School of Mathematics

Blog for the School of Mathematics community

From Dunelm to data science

A few years after completing my undergraduate mathematics studies at the University of Warwick, and long after I’d last used the definitions of ‘Lipschitz continuity’ or ‘Hausdorff dimensions’, I was working for Dunelm, the British homeware retailer, in the supply chain analytics team.

The managers of the distribution centre were interested in how to arrange the various cushions, curtains, and colanders in the warehouse so that customer orders could be picked and packed as quickly as possible. I couldn’t help but feel that there was a neater, more satisfying solution and a better set of methods than my arsenal at the time. An internet search led me to the field of Operational Research (OR), its applications to logistics, and far beyond. A fire was lit; before long I’d be relocating to Edinburgh!

And so, a couple of years later, I’m writing this reflection on my MSc in OR with Data Science, and where this journey has led me now.

I studied full-time for a year, taking time out of work to prioritise my learning. My course mates were a diverse group, from a multitude of countries around the world, and with a range of academic backgrounds: maths, science, engineering, business, finance… Before my arrival, I had scrutinised the selection of available courses and remember sampling a selection of extra courses in the first couple of weeks before settling on those I found most engaging.

With the ‘T-shaped’ framework of learning in mind, I aspired to cover a breadth of applied applications, coupled with a depth of optimisation, modelling, programming and statistical skills which form the base of any OR toolkit.
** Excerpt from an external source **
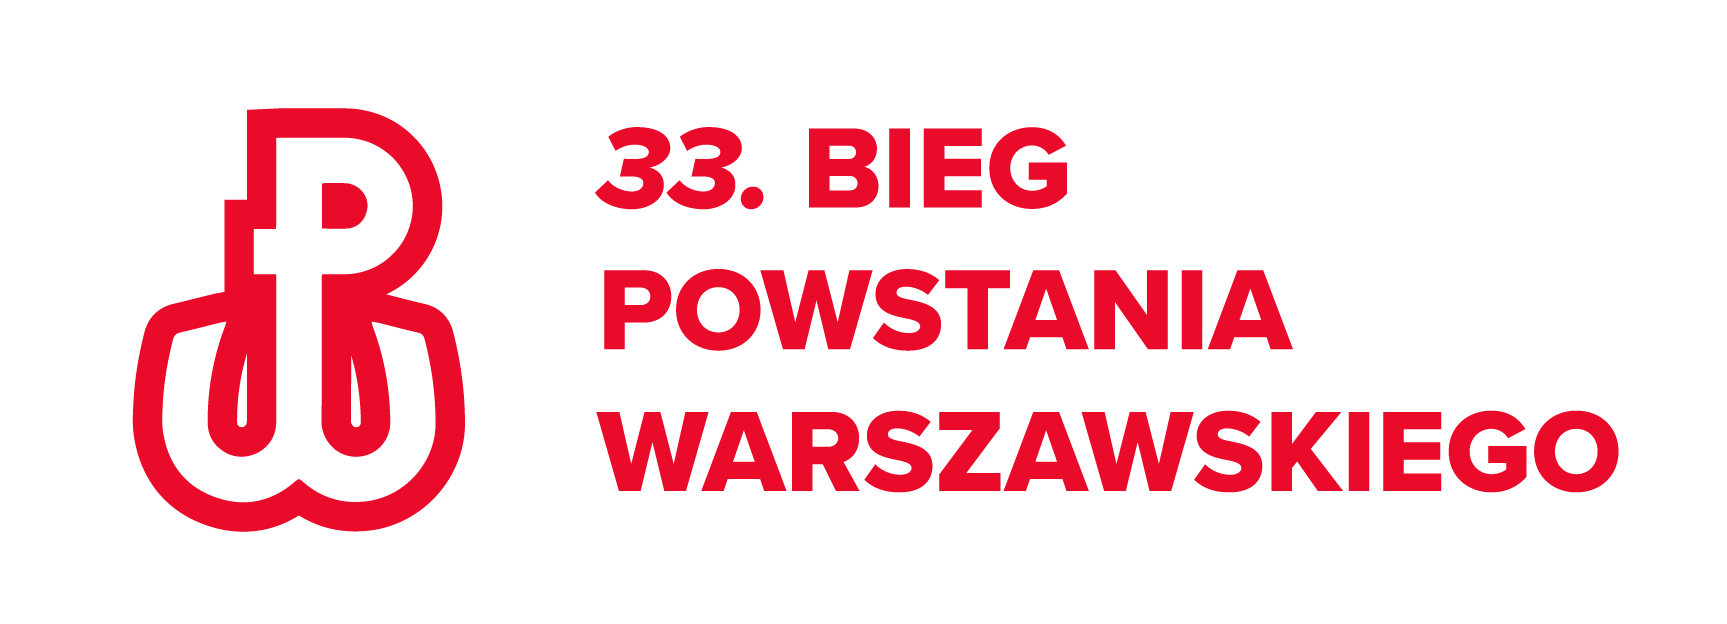 33. Bieg Powstania Warszawskiego

To this end, I enjoyed applied lectures about logistics, finance, energy and neuroscience, keeping an open mind about the next steps beyond my MSc.

My favourite module was called Methodology, Modelling and Consulting Skills or, colloquially, MMCS. This course began with a rigorous foundation in linear modelling with Xpress (an optimisation library) in Python. Later, we worked with Sopra Steria, an external consultancy, using OR to generate a proposal for the rollout of electric vehicle chargers across the Scottish city of Dundee.
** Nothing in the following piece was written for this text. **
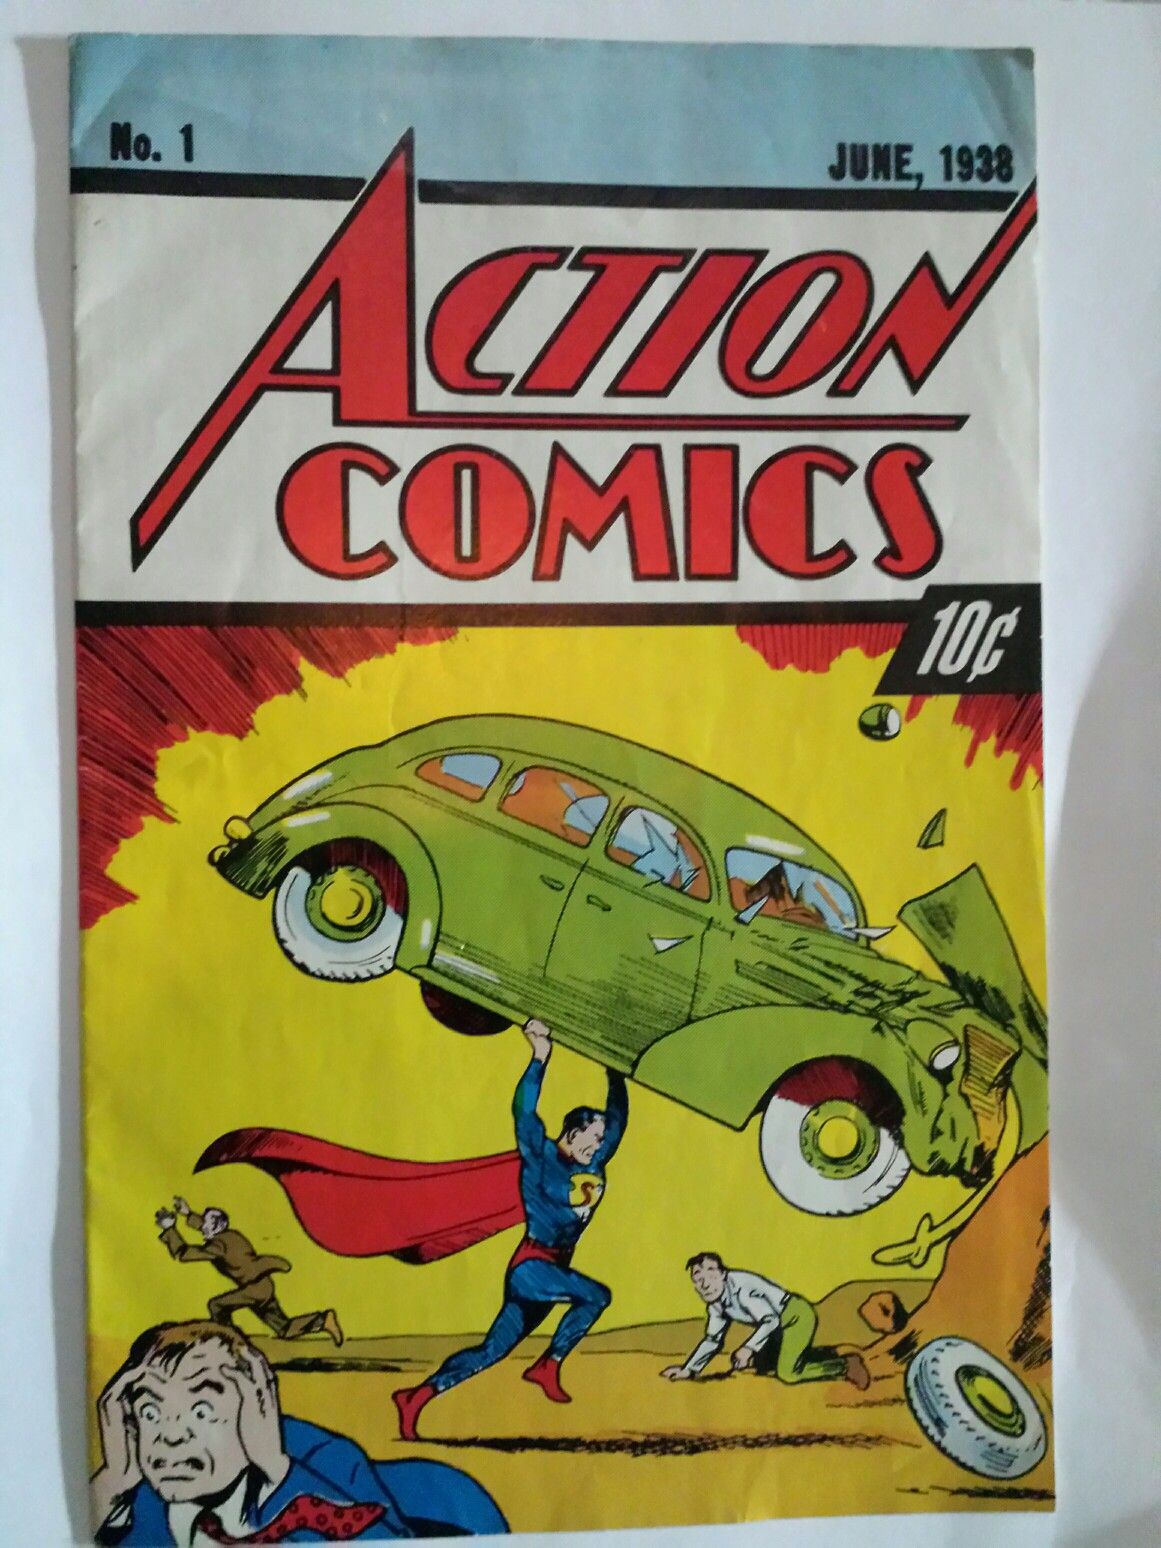 Superman DC Action Comics #1 No 1 June 1938 Replica Reprint

Working with some locational demand data and a healthy dose of real-world uncertainty, we built optimisation models in teams, before presenting our solution back to a panel at the end of the module. I enjoyed seeing how different teams had approached the problem, and the differing assumptions they had made along the way: there is far more creativity required in applied mathematics than you may first believe.

After several years of work, without exams or assignments, it was at times a challenge to study. I found it helpful to treat the degree as I would any full-time job: working a semi-strict 8am to 5pm, Monday to Friday, to give me time to pursue other interests. Moving to Scotland from the East Midlands, the level up in scenery was not to miss! I joined the University Hillwalking Club on a number of weekend trips, notably to the Scottish Highlands to tackle Ben Hope, the most northerly Munro. A long-time runner, I also joined the Hare and Hounds XC club, training and racing throughout the winter, and continued a passion for juggling at the circus and magic society.
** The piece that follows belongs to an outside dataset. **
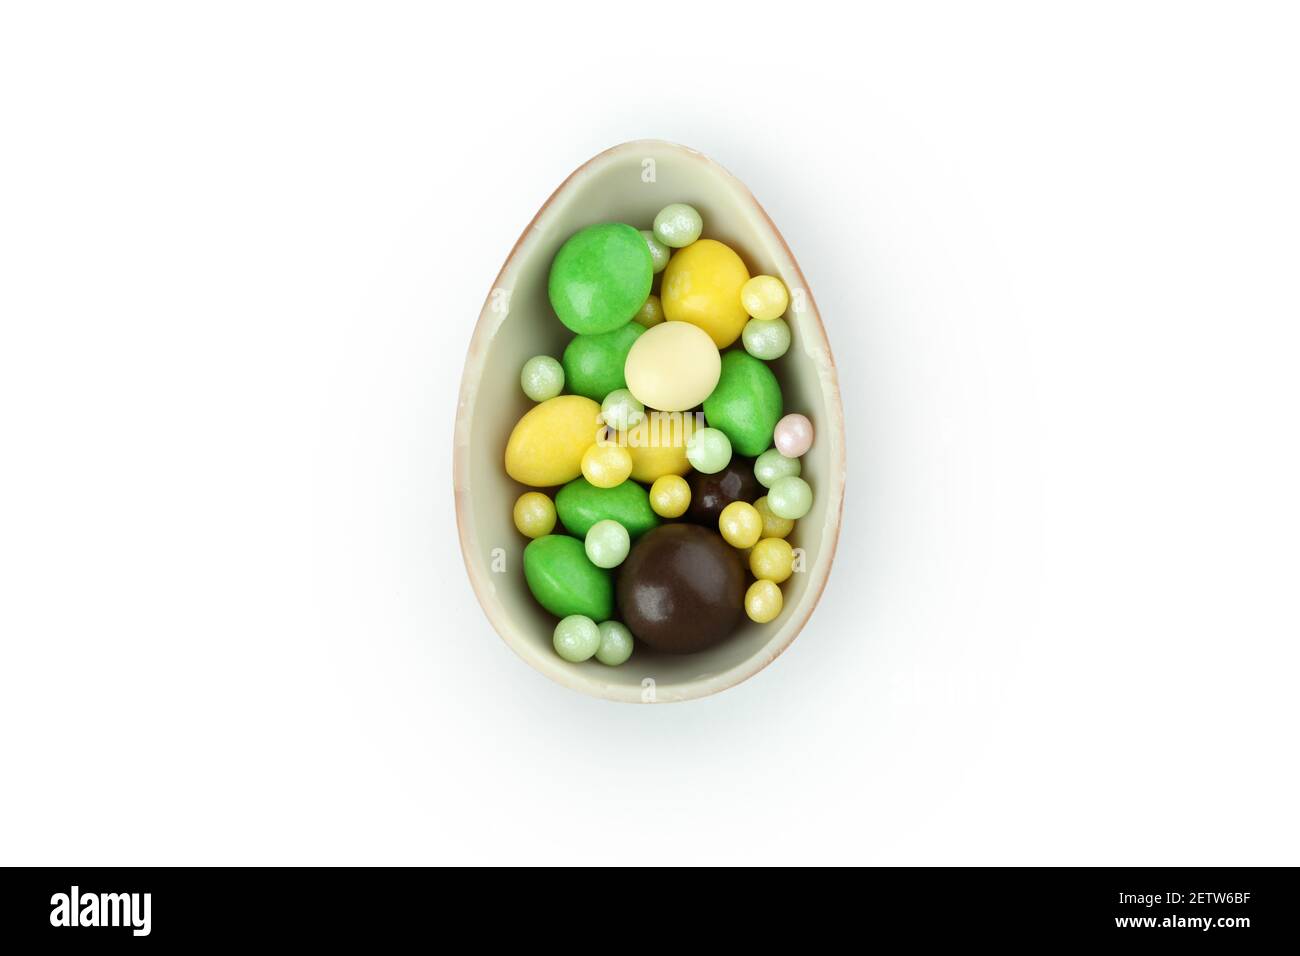 Mitad de huevo de chocolate con caramelos aislados sobre fondo blanco Foto de stock

After 2 semesters of lectures and exams, it was time to work on our dissertation projects during the summer. Having particularly enjoyed learning about energy network modelling earlier in the year, I applied to research my dissertation in industry at Flexitricity.

Flexitricity is an asset-backed energy company, who manage and optimise a portfolio of grid-scale batteries (amongst many other flexible assets) through their control room in Edinburgh. Energy storage is an important part of the electricity grid. As more renewables are connected, the variable delivery of power they offer needs to be balanced in real-time. Batteries are a responsive way to do this, and so are incentivised to provide a suite of services to National Grid in a number of auctions. Alongside this, batteries can charge and discharge, trading power in various energy markets.

My dissertation, written for the market conditions at the time, applied many tools and techniques I had studied in the MSc. My dissertation had 3 main components:

  • A simulation methodology for generating probabilistic auction outcomes
  • A mixed-integer linear optimisation model to determine the optimal strategy for battery utilisation across the day
  • A pricing methodology to identify the bid prices that maximise expected revenue for a battery in the frequency response auctions.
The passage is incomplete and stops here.